Task input -

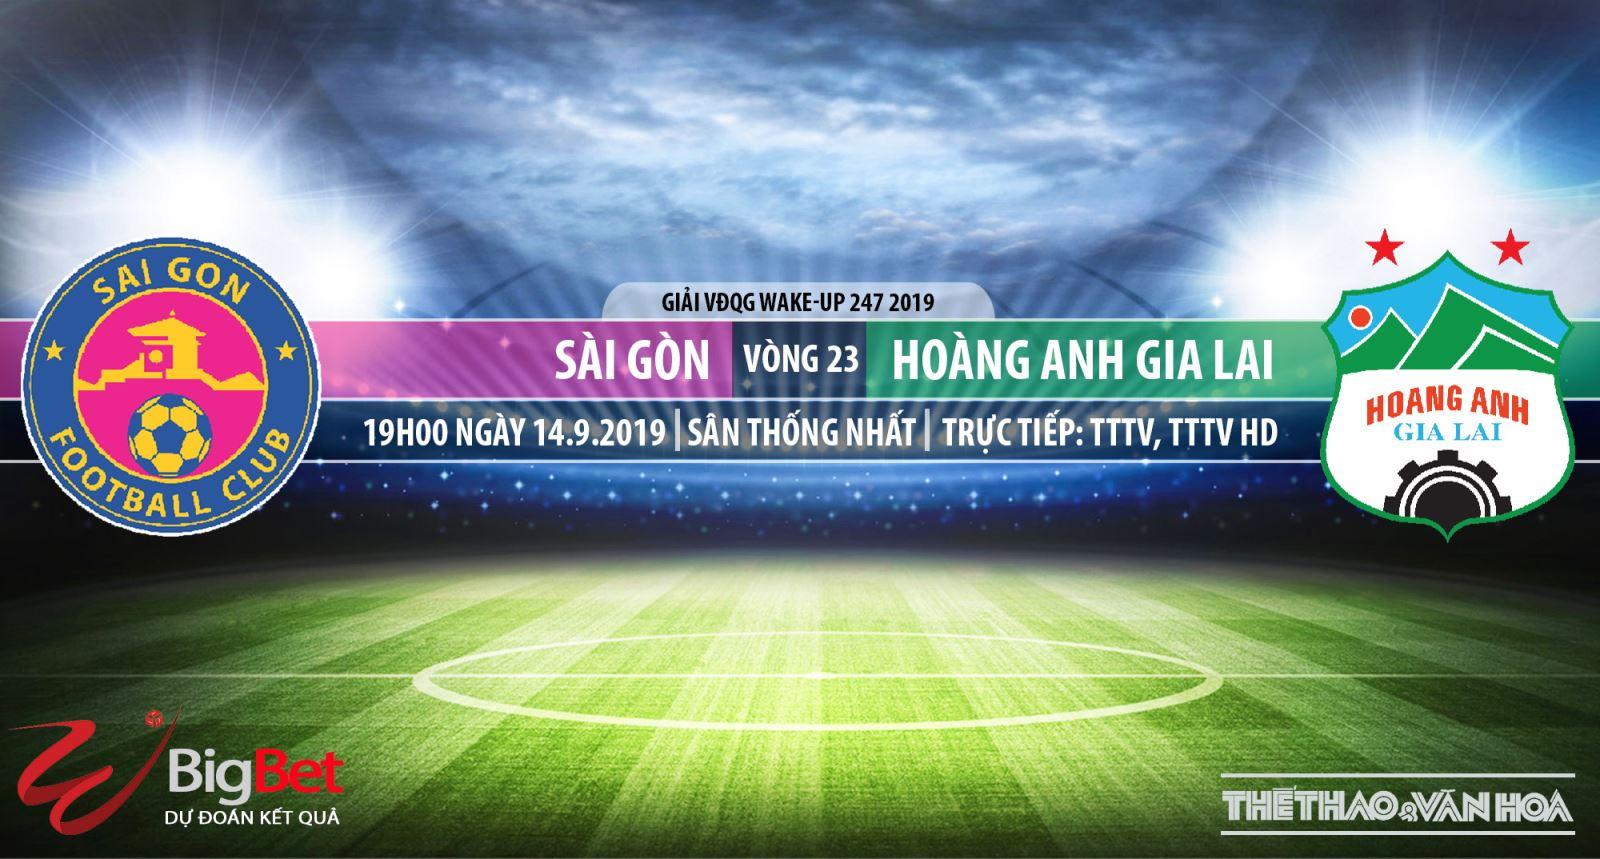 Trực tiếp bóng đá hôm nay:Sài Gòn vs HAGL (19h00). Soi kèo Sài Gòn đấu với HAGL
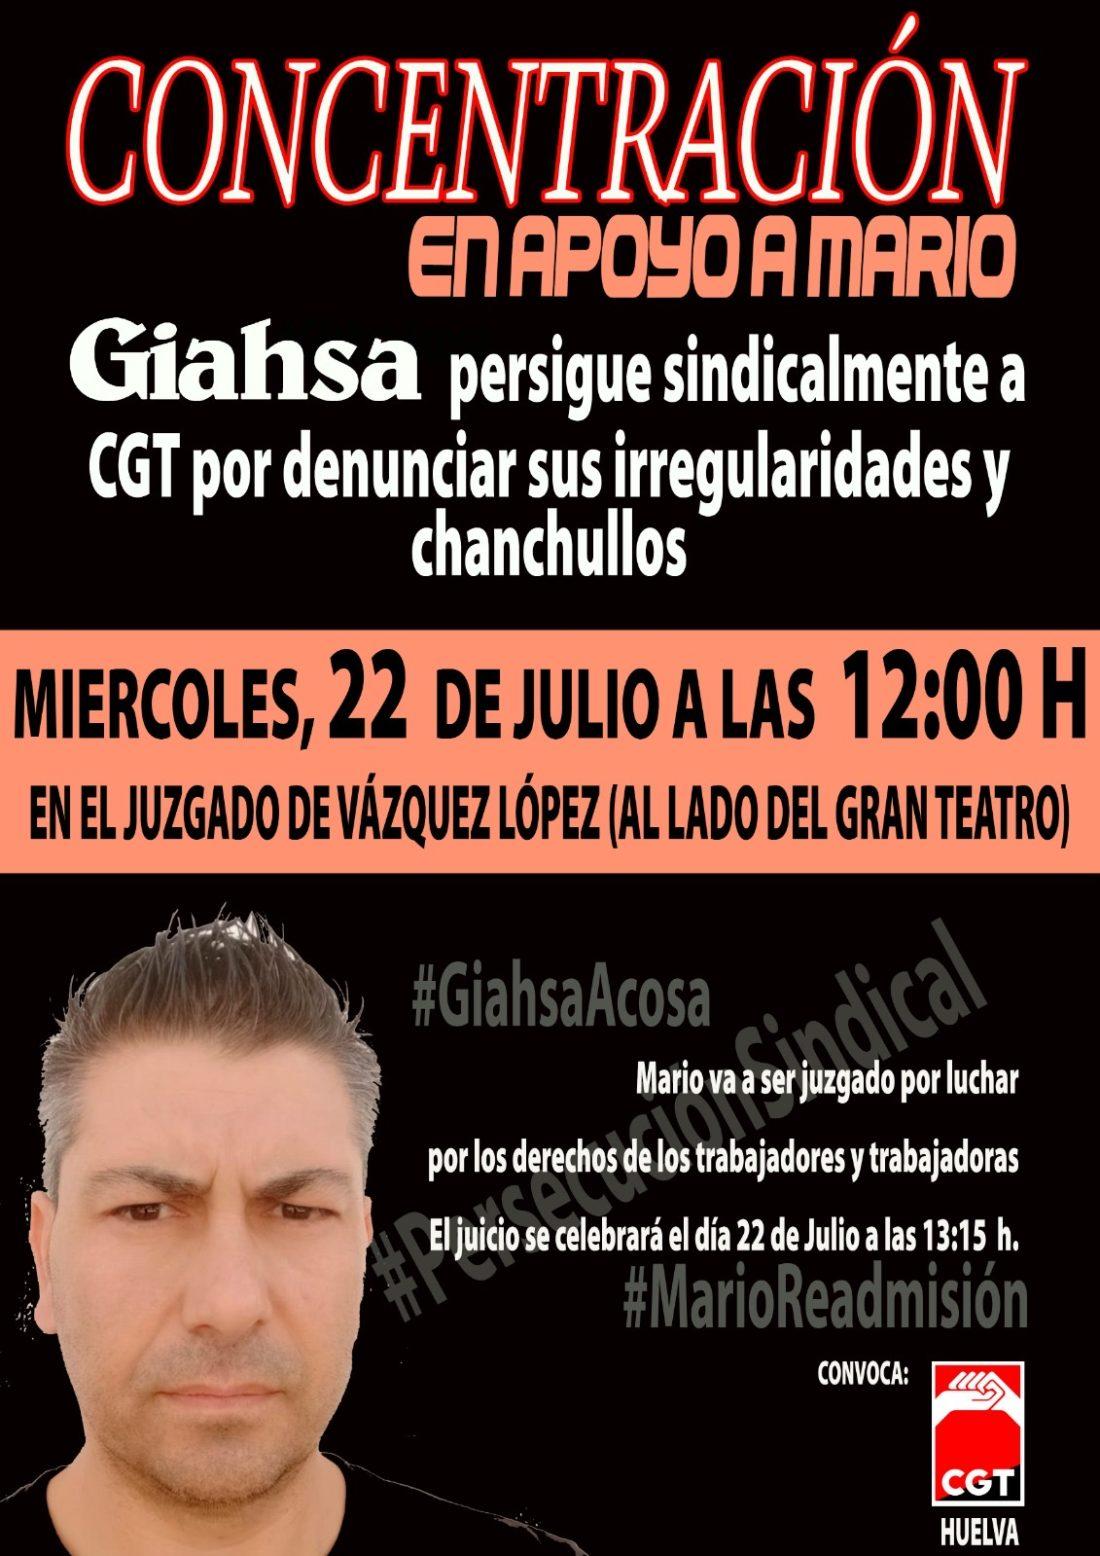 CGT Huelva denuncia la desmedida subida de salarios de los altos cargos de GIAHSA
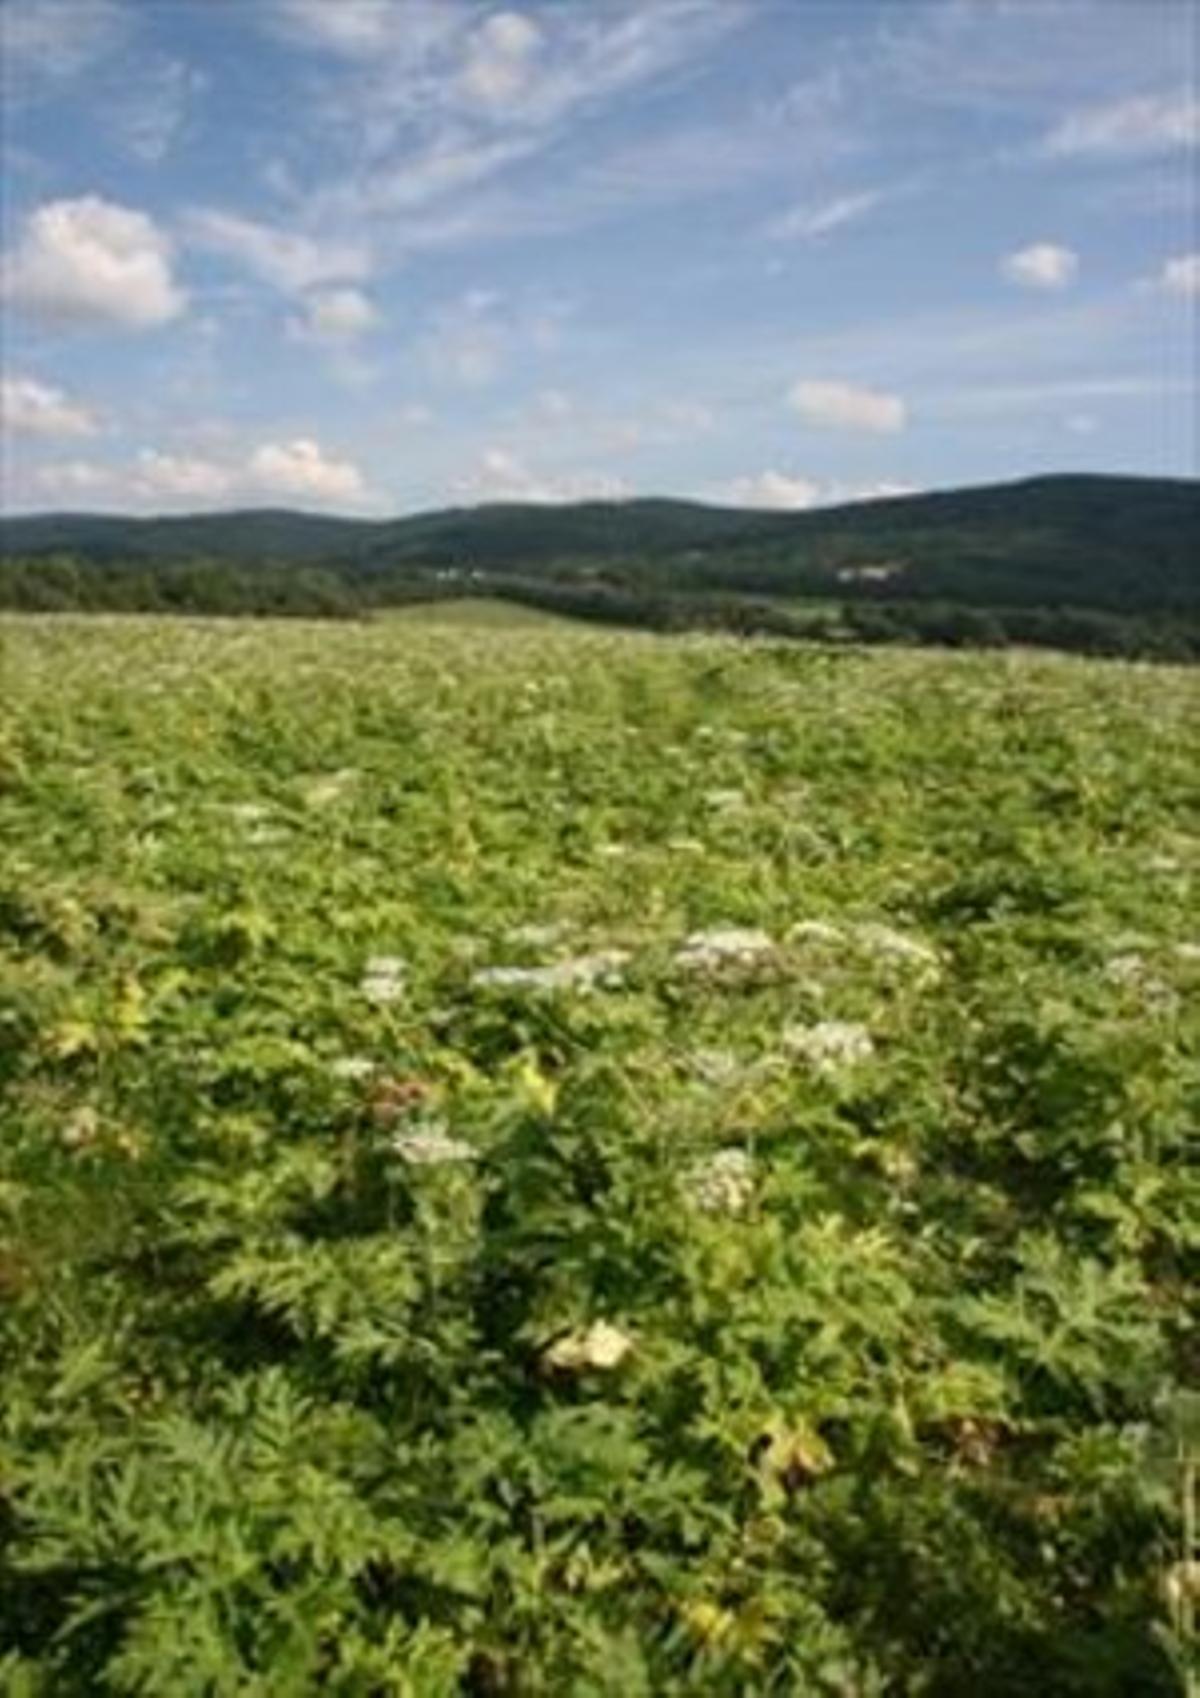 Campo de la República Checa cubierto de perejil gigante, una planta originaria del Cáucaso que ahora crece como invasora en buena parte de Europa central.
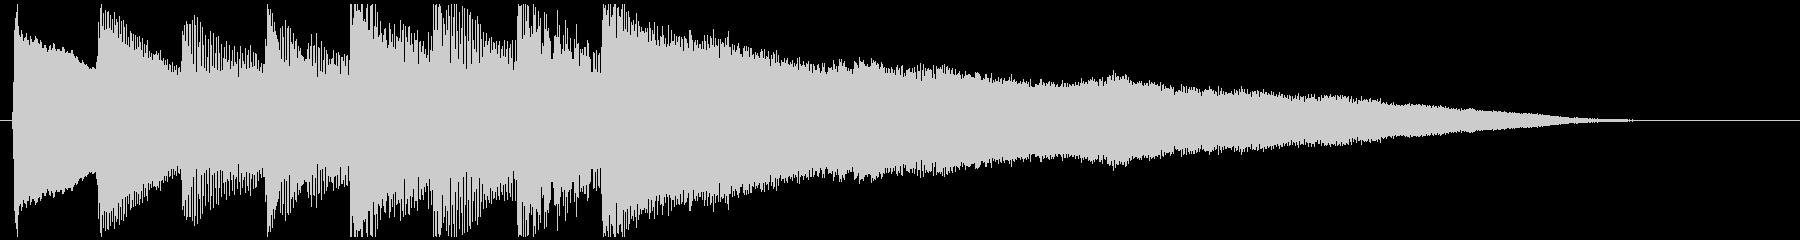 【ジングル/ロゴ】エスニック 鉄琴1の未再生の波形
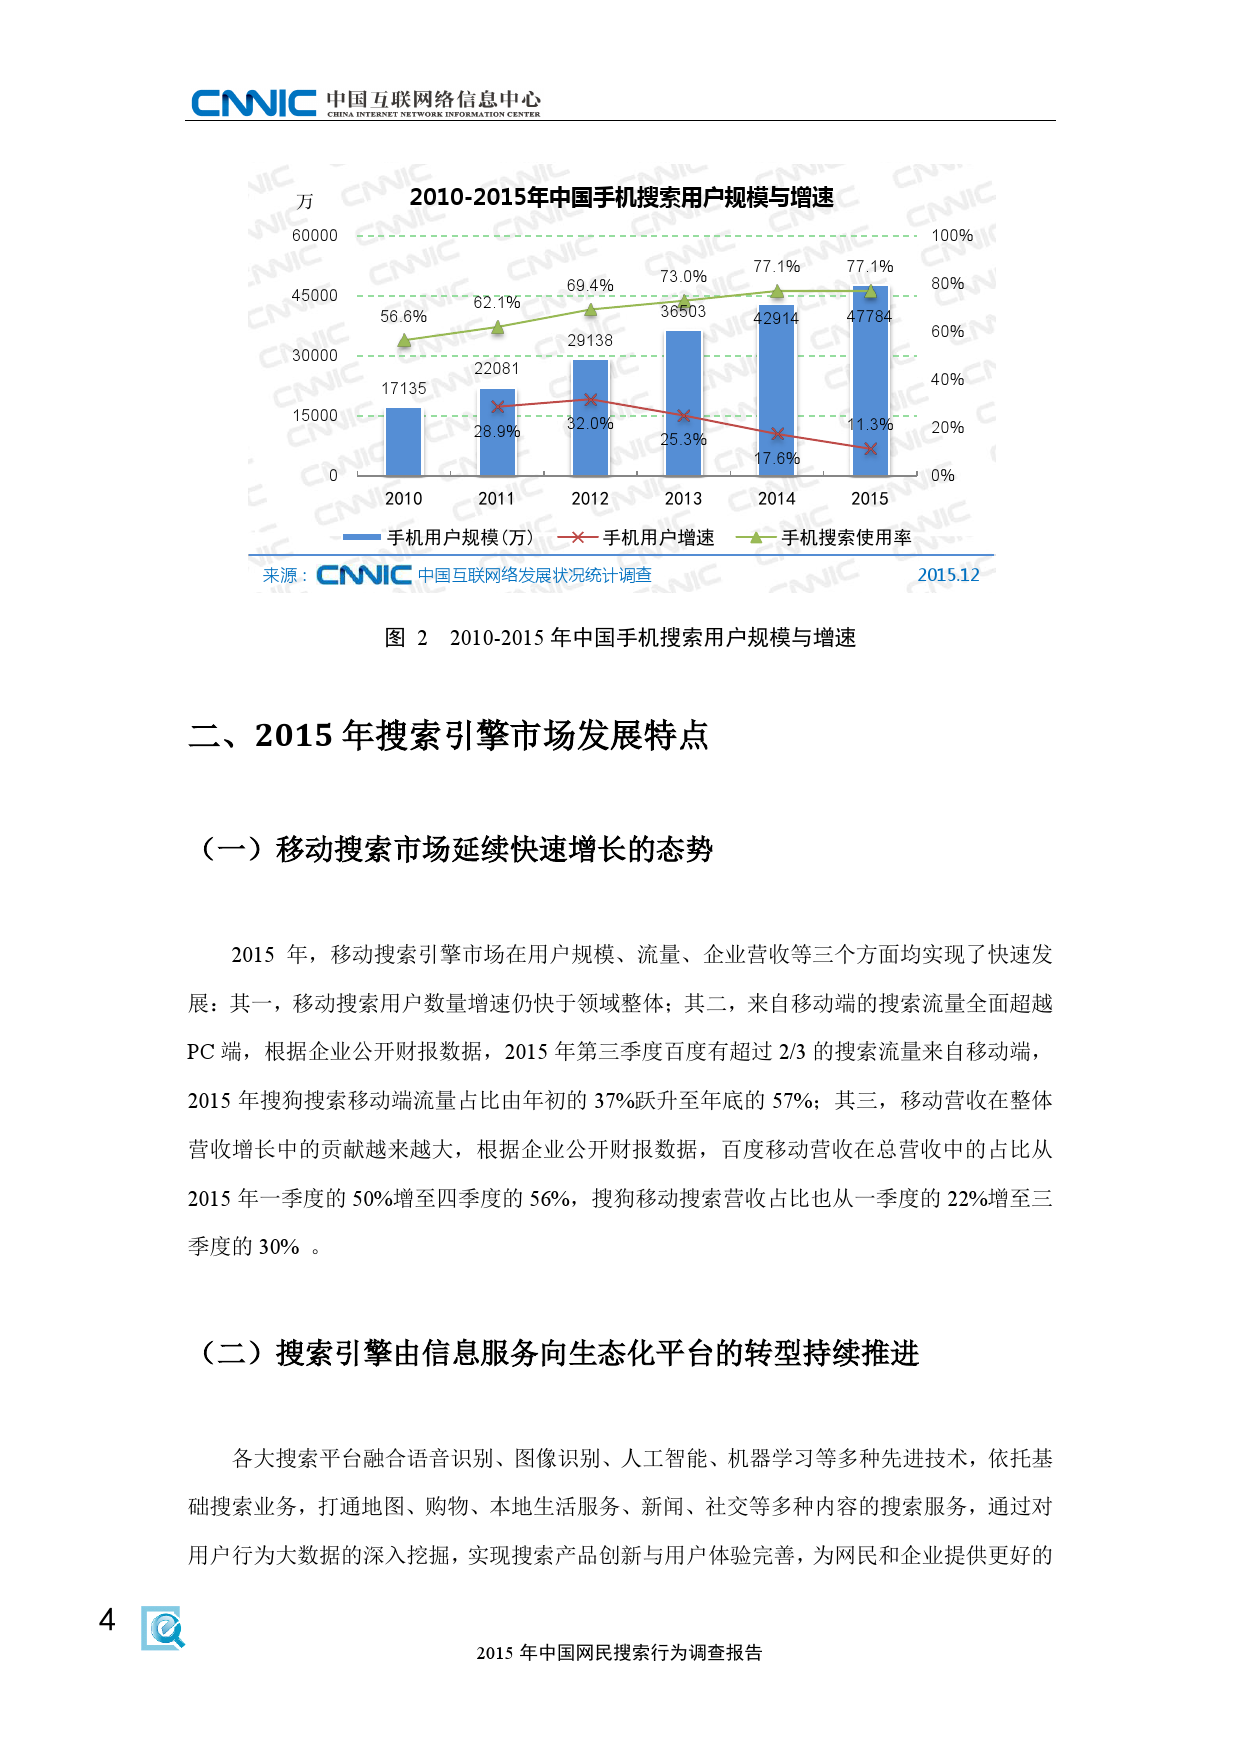 CNNIC:2015年中国网民搜索行为调查_000012

Goal of the exercise -
Only the pictures in the listing above get left out; print everything else exactly.

Your solution -
 Trực tiếp bóng đá hôm nay:Sài Gòn vs HAGL (19h00). Soi kèo Sài Gòn đấu với HAGL
 CGT Huelva denuncia la desmedida subida de salarios de los altos cargos de GIAHSA
 Campo de la República Checa cubierto de perejil gigante, una planta originaria del Cáucaso que ahora crece como invasora en buena parte de Europa central.
 【ジングル/ロゴ】エスニック 鉄琴1の未再生の波形
 CNNIC:2015年中国网民搜索行为调查_000012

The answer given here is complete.